Project Rainshine, a collaboration between the ICHARS Support Foundation and the Healing Dove Foundation, that focuses on training and mentoring staff of NGOs with skills to provide mental health first aid to their beneficiaries and connect them to mental health practitioners (trained by ICHARS) to offer advanced mental health support where required.
Here are six ways how Project Rainshine is an asset to society:
Project Rainshine is essentially a capacity building and training initiative for NGOs that support marginalised and disadvantaged communities. The project’s main motive is to equip them with the necessary skills that they are required to conduct counselling and therapy sessions for their beneficiaries. It helps societies by ensuring that NGOs working with marginalised communities can provide round-the-clock mental health assistance to their beneficiaries, whose mental health is, otherwise, often reportedly neglected in the absence of available therapists and counsellors. Under the project, we will also be conducting programmes for life-skill and soft-skill training, career guidance, and counselling to help millions of beneficiaries become future-ready.
Project Rainshine is a sustainable, result-oriented, and inclusive model which does not discriminate; we believe everyone should have access to primary mental healthcare. In a country where there is an explicit inequity in how mental healthcare resources are distributed, with the elite having prior access to them, Project Rainshine aims to make these facilities reach a broader population who may be in dire need of them. The idea was to implement a sustainable model for our NGO partners, that allowed them to make mental health accessible and affordable at minimum cost.
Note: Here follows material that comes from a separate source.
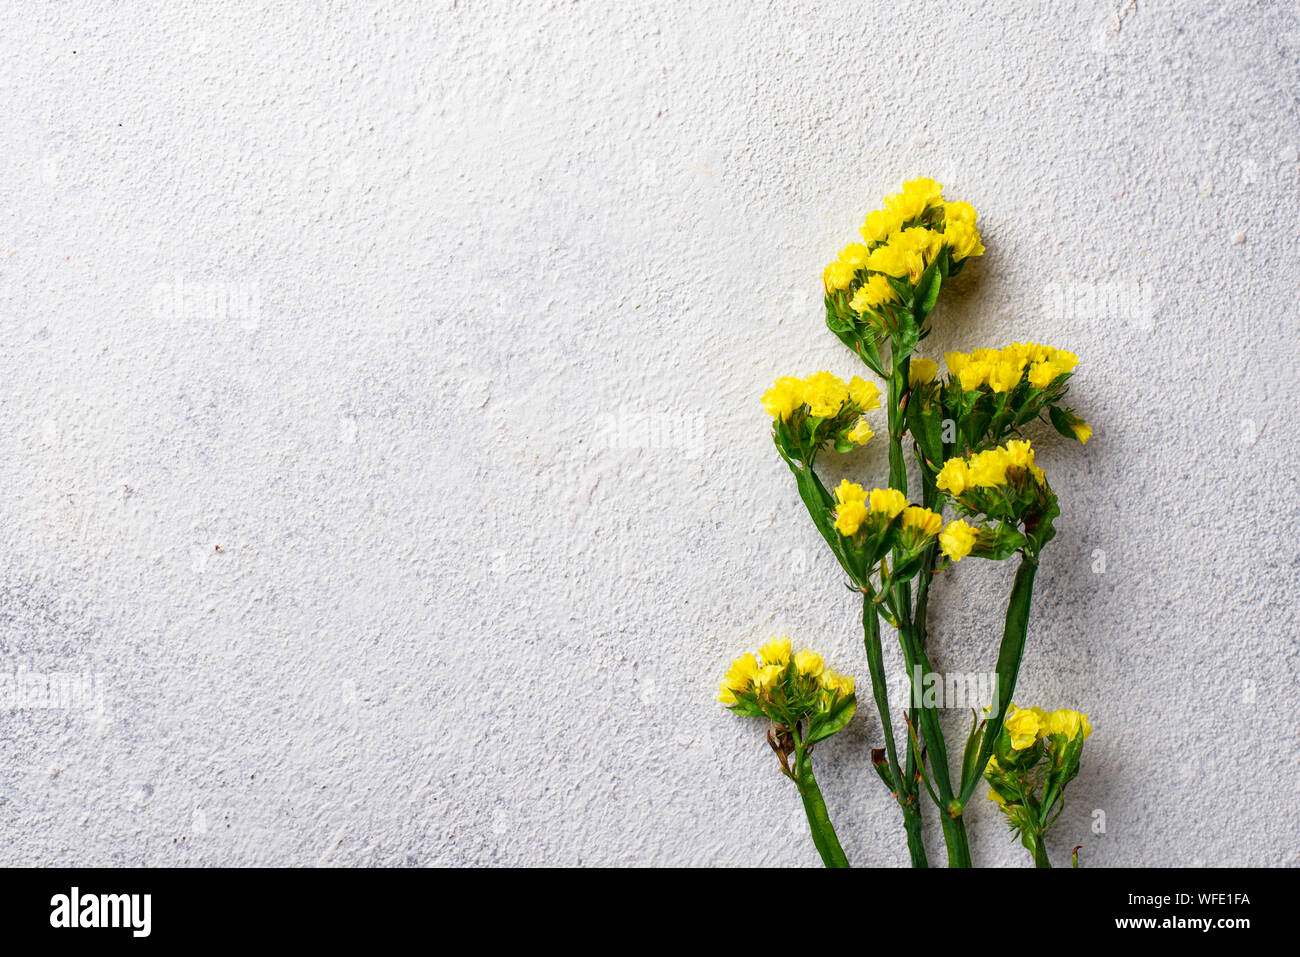 Yellow Limonium flower on white background Stock Photo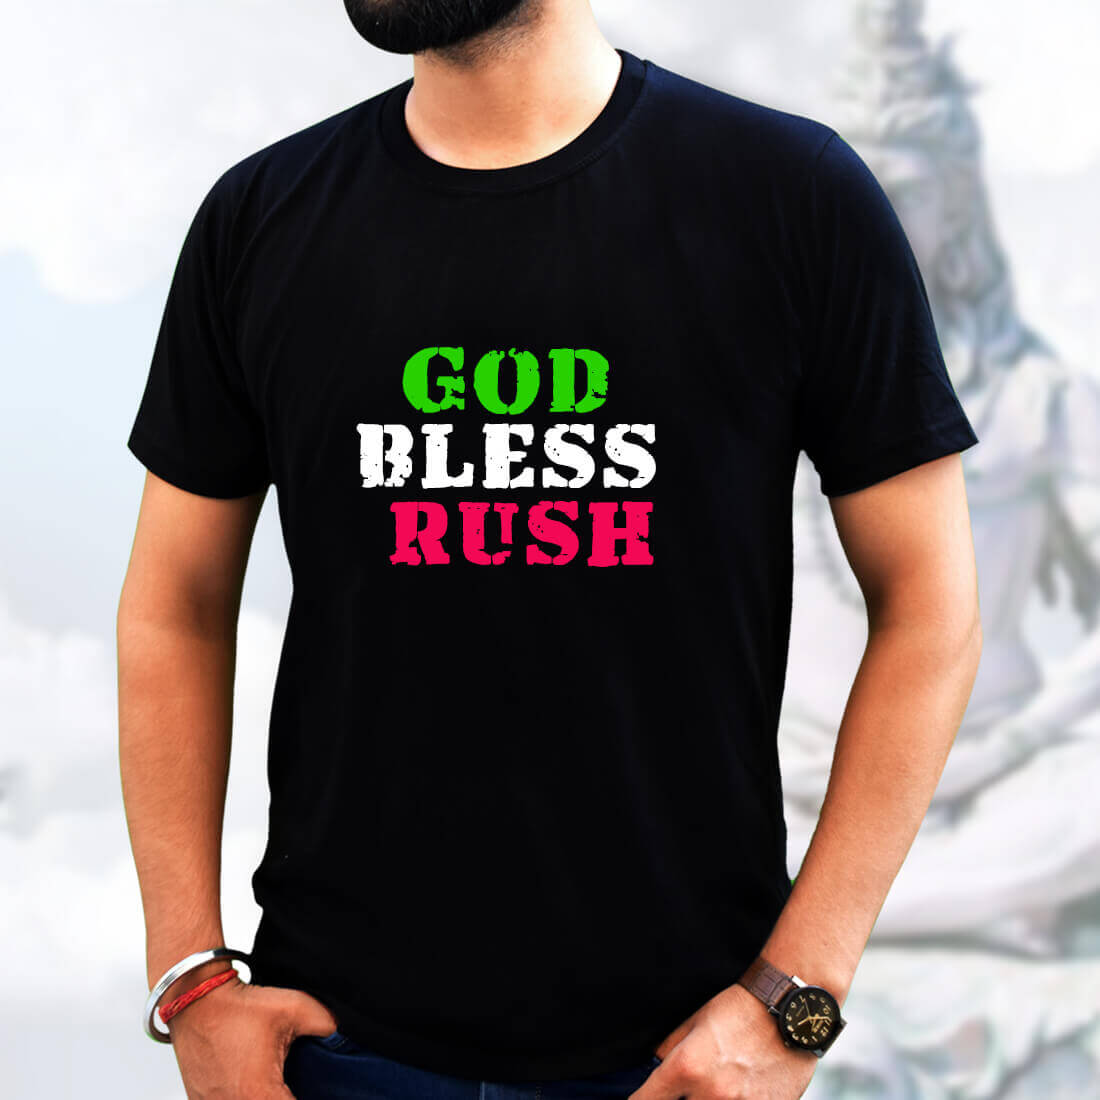 Best Wish Quote Round Shape Neck T-Shirt Black

An essential pillar of Project Rainshine is providing support groups for NGOs (and their respective beneficiaries). They work towards the welfare of oppressed, marginalised groups such as juvenile offenders, LGBTQ+ individuals, people with disabilities, young women, athletes, and other disadvantaged groups. Our support groups are known to make available a safe space for them to feel heard, understood, and empowered. Recently, we worked with the Siddarth Memorial Charity Trust and Snehasadan, conducting support groups with their in-house staff and beneficiaries with overly optimistic results.
Project Rainshine conducts live sessions, talk-it-out groups, and knowledge series to increase awareness about these diverse communities and reduce the stigma surrounding them by breaking myths and stereotypes. Additionally, these techniques decode the mental health issues experienced by individuals belonging to those communities and equip them with coping mechanisms and other strategies for their mental health concerns.
The COVID-19 pandemic, which has ravaged India, has had a severe impact on the mental health of individuals, who are now more isolated than ever. Through virtual sessions, Project Rainshine aims to pave the way for better access to mental health resources, even in these dire circumstances, to serve those who may need more care now than ever before.
Project Rainshine connects trained practitioners with NGOs in order to provide advanced interventions and other relevant dimensions to their mental healthcare services. The training programs, support groups and one-on-one sessions support the NGOs’ in-house staff by helping them develop coping techniques to manage their mental wellbeing and work in a more efficient manner. These sessions also provide an opportunity to the staff, and their beneficiaries, to express and learn to handle their emotions.